Раз, только один раз в течение всего моего детства, не удержалась я и дотронулась до дядиного больного места.
Это было вечером. Мы были одни в библиотеке. Дядя, по обыкновению, сидел на диване, поджав ноги, и читал; я бегала по комнате, играя в мячик, но, наконец, устала, присела рядом с ним на диване и, уставившись на него, предалась своим обычным размышлениям на его счет.
Дядя опустил вдруг книгу и, ласково погладив меня по голове, спросил:
— О чем ты это задумалась, деточка?
— Дядя, а вы были очень несчастны с вашей женой? — сорвалось у меня вдруг, почти невольно, с языка.
Никогда не забуду я, как подействовал этот неожиданный вопрос на бедного дядю. Его спокойное строгое лицо вдруг все избороздилось мелкими морщинками, как от физической боли. Он даже руки вперед протянул, словно отстраняя от себя удар. И мне стало так жаль его, так больно и так стыдно. Мне почудилось, что и я, сняв с ноги туфельку, ударила его по щекам.
— Дядя, голубчик, простите! Я не подумав спросила! — говорила я, ласкаясь к нему и пряча на его груди мое раскрасневшееся от стыда лицо. И доброму же дяде пришлось утешать меня за мою нескромность.
С тех пор я уже никогда больше не возвращалась к этому недозволенному вопросу. Но о всем остальном я смело могла расспрашивать дядюшку Петра Васильевича. Я считалась его любимицей, и мы, бывало, часами просиживали вместе, толкуя о всякой всячине. Когда он бывал занят какой-нибудь идеей, он только о ней одной мог и думать, и говорить. Забывая совершенно, что он обращается к ребенку, он нередко развивал передо мною самые отвлеченные теории. А мне именно то и нравилось, что он говорит со мною как с большой, и я напрягала все усилия, чтобы понять его или, по крайней мере, сделать вид, будто понимаю.
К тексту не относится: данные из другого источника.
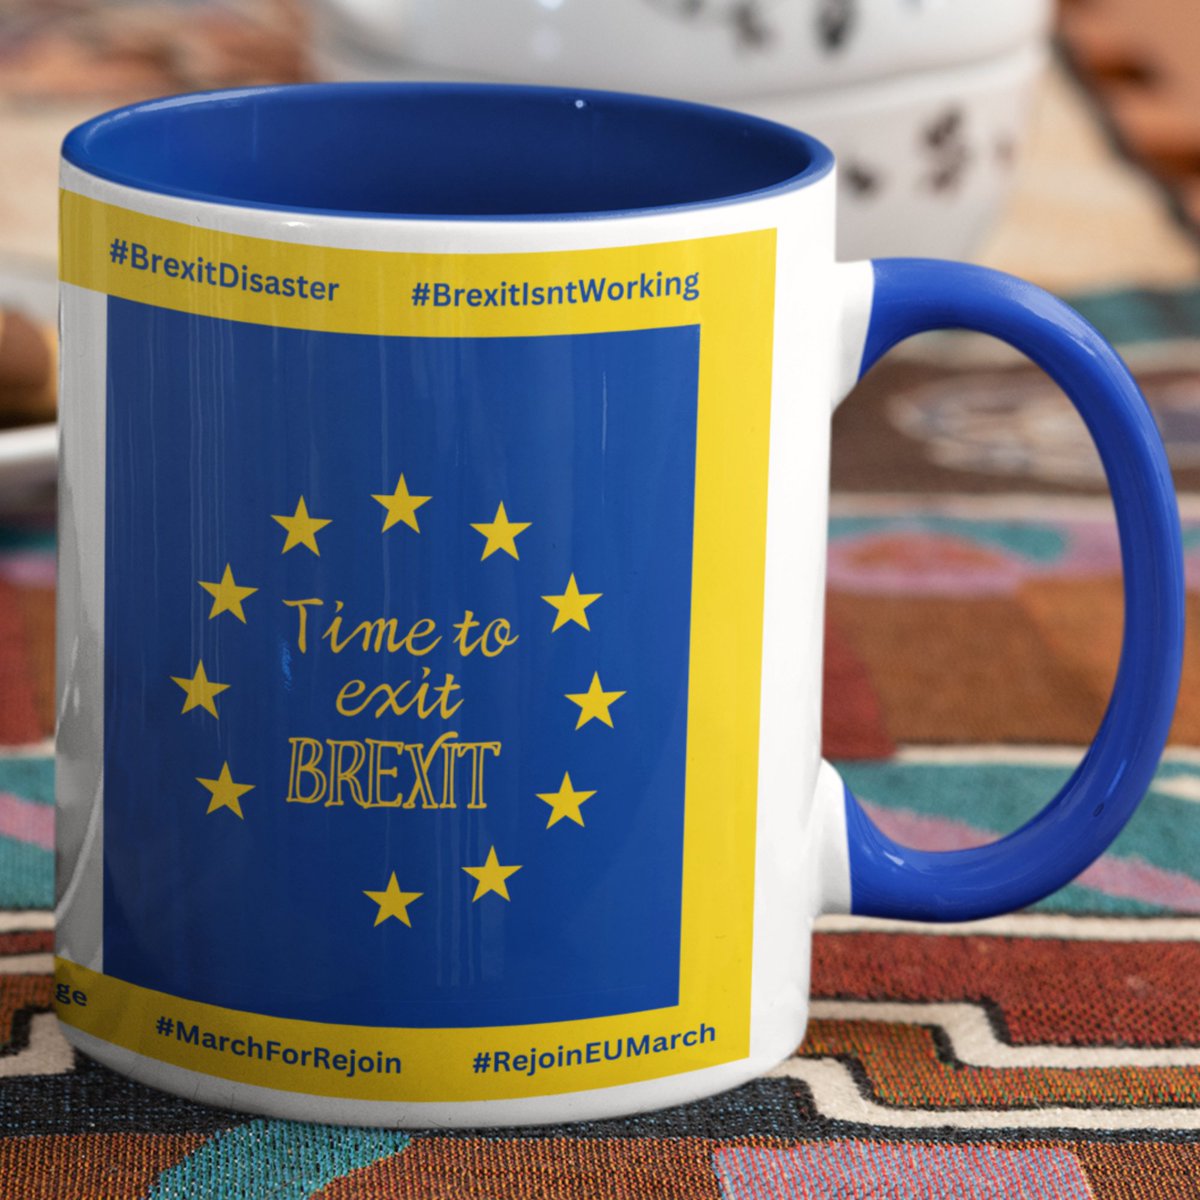 Newly launched: #Brexit #coffee #mugs for #coffeelovers . Visit: BrewedBlissBoutique.etsy.com to see the full choice. #stopbrexit #RejoinEU #rejoineumarch #rejoinmarch #BrexitHasFailed #BrexitDisaster #ToryBrokenBritain #ToryCriminalsUnfitToGovern  (PS: pro-Brexit mug also available)
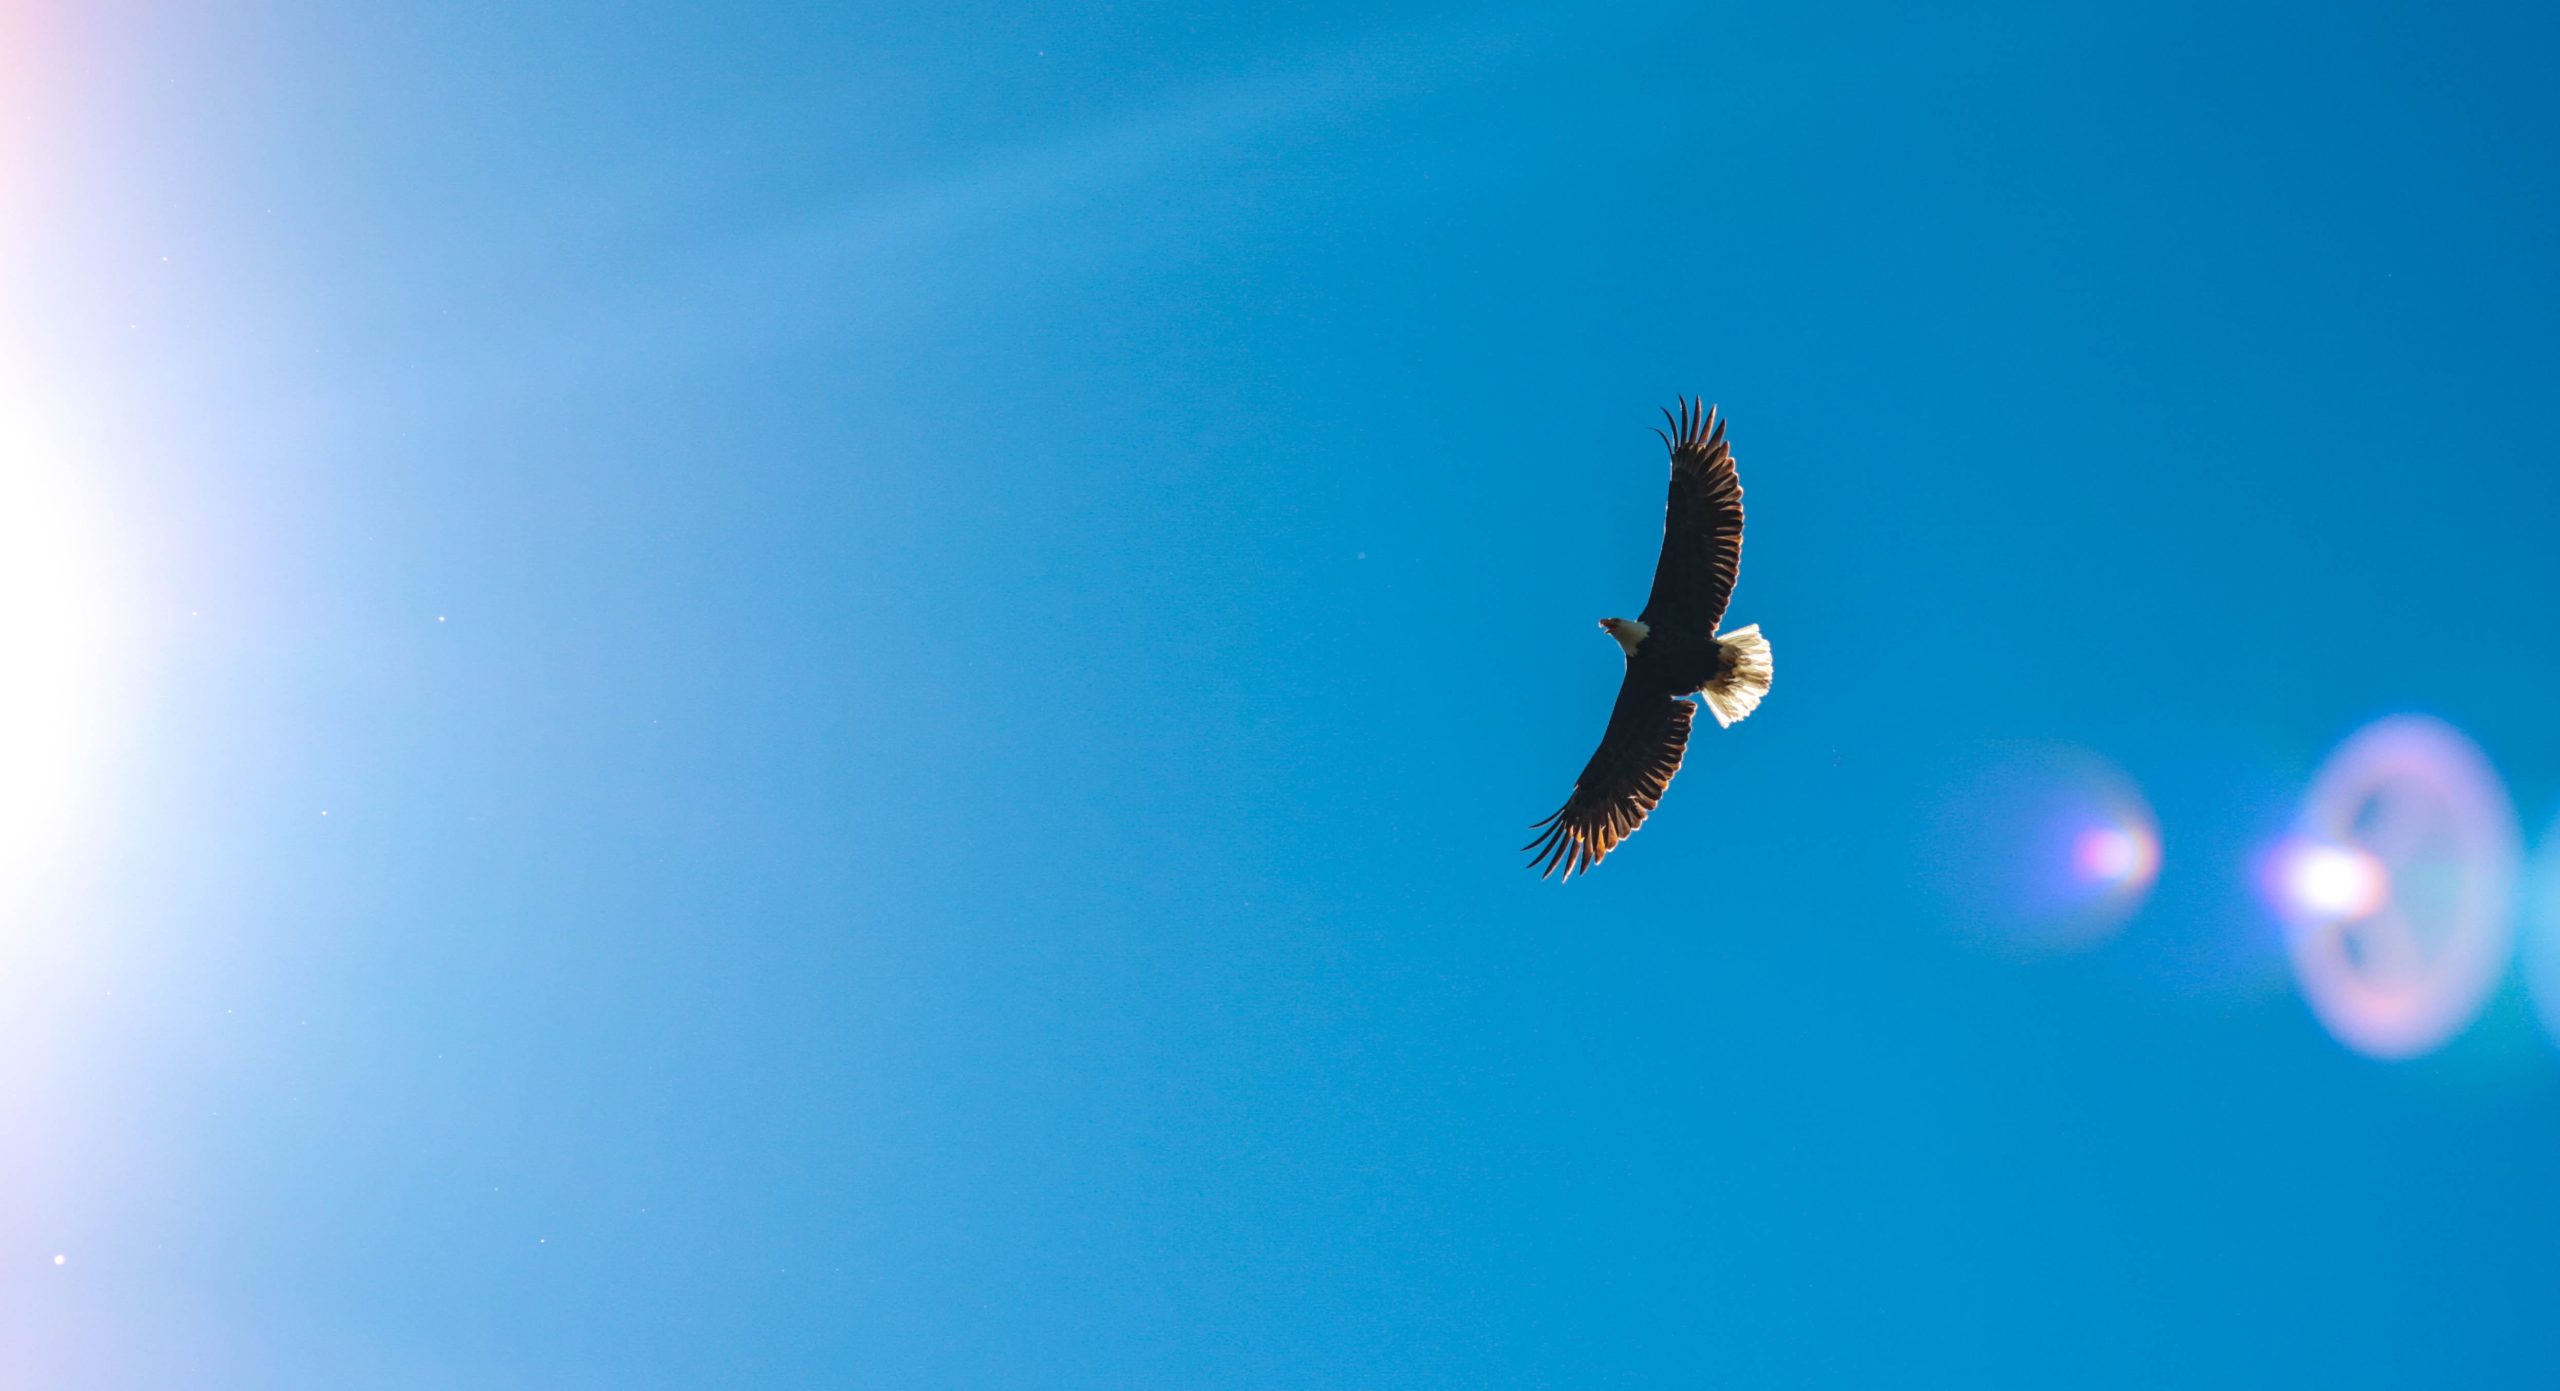 Eagle soaring against the backdrop of a blue sky.

Хотя он математике никогда не обучался, но питал к этой науке глубочайшее уважение. Из разных книг набрался он кое-каких математических сведений и любил пофилософствовать по их поводу, причем ему часто случалось размышлять вслух в моем присутствии. От него услышала я, например, в первый раз о квадратуре круга, об асимптотах, к которым кривая постоянно приближается, никогда их не достигая, о многих других вещах подобного же рода, — смысла которых я, разумеется, понять еще не могла, но которые действовали на мою фантазию, внушая мне благоговение к математике как к науке высшей и таинственной, открывающей перед посвященными в нее новый чудесный мир, недоступный простым смертным.
Говоря об этих первых моих соприкосновениях с областью математики, я не могу не упомянуть об одном очень курьезном обстоятельстве, тоже возбудившем во мне интерес к этой науке.
Когда мы переезжали на житье в деревню, весь дом пришлось отделать заново и все комнаты оклеить новыми обоями. Но так как комнат было много, то на одну из наших детских комнат обоев не хватило, а выписывать-то обои приходилось из Петербурга, это было целой историей, и для одной комнаты выписывать решительно не стоило. Все ждали случая, и в ожидании его эта обиженная комната так и простояла много лет с одной стеной, оклеенной простой бумагой. Но, по счастливой случайности, на эту предварительную оклейку пошли именно листы литографированных лекций Остроградского о дифференциальном и интегральном исчислении, приобретенные моим отцом в его молодости.
Листы эти, испещренные странными, непонятными формулами, скоро обратили на себя мое внимание. Я помню, как я в детстве проводила целые часы перед этой таинственной стеной, пытаясь разобрать хоть отдельные фразы и найти тот порядок, в котором листы должны бы следовать друг за другом. От долгого ежедневного созерцания внешний вид многих формул так и врезался в моей памяти, да и самый текст оставил по себе глубокий след в мозгу, хотя в самый момент прочтения он и остался для меня непонятным.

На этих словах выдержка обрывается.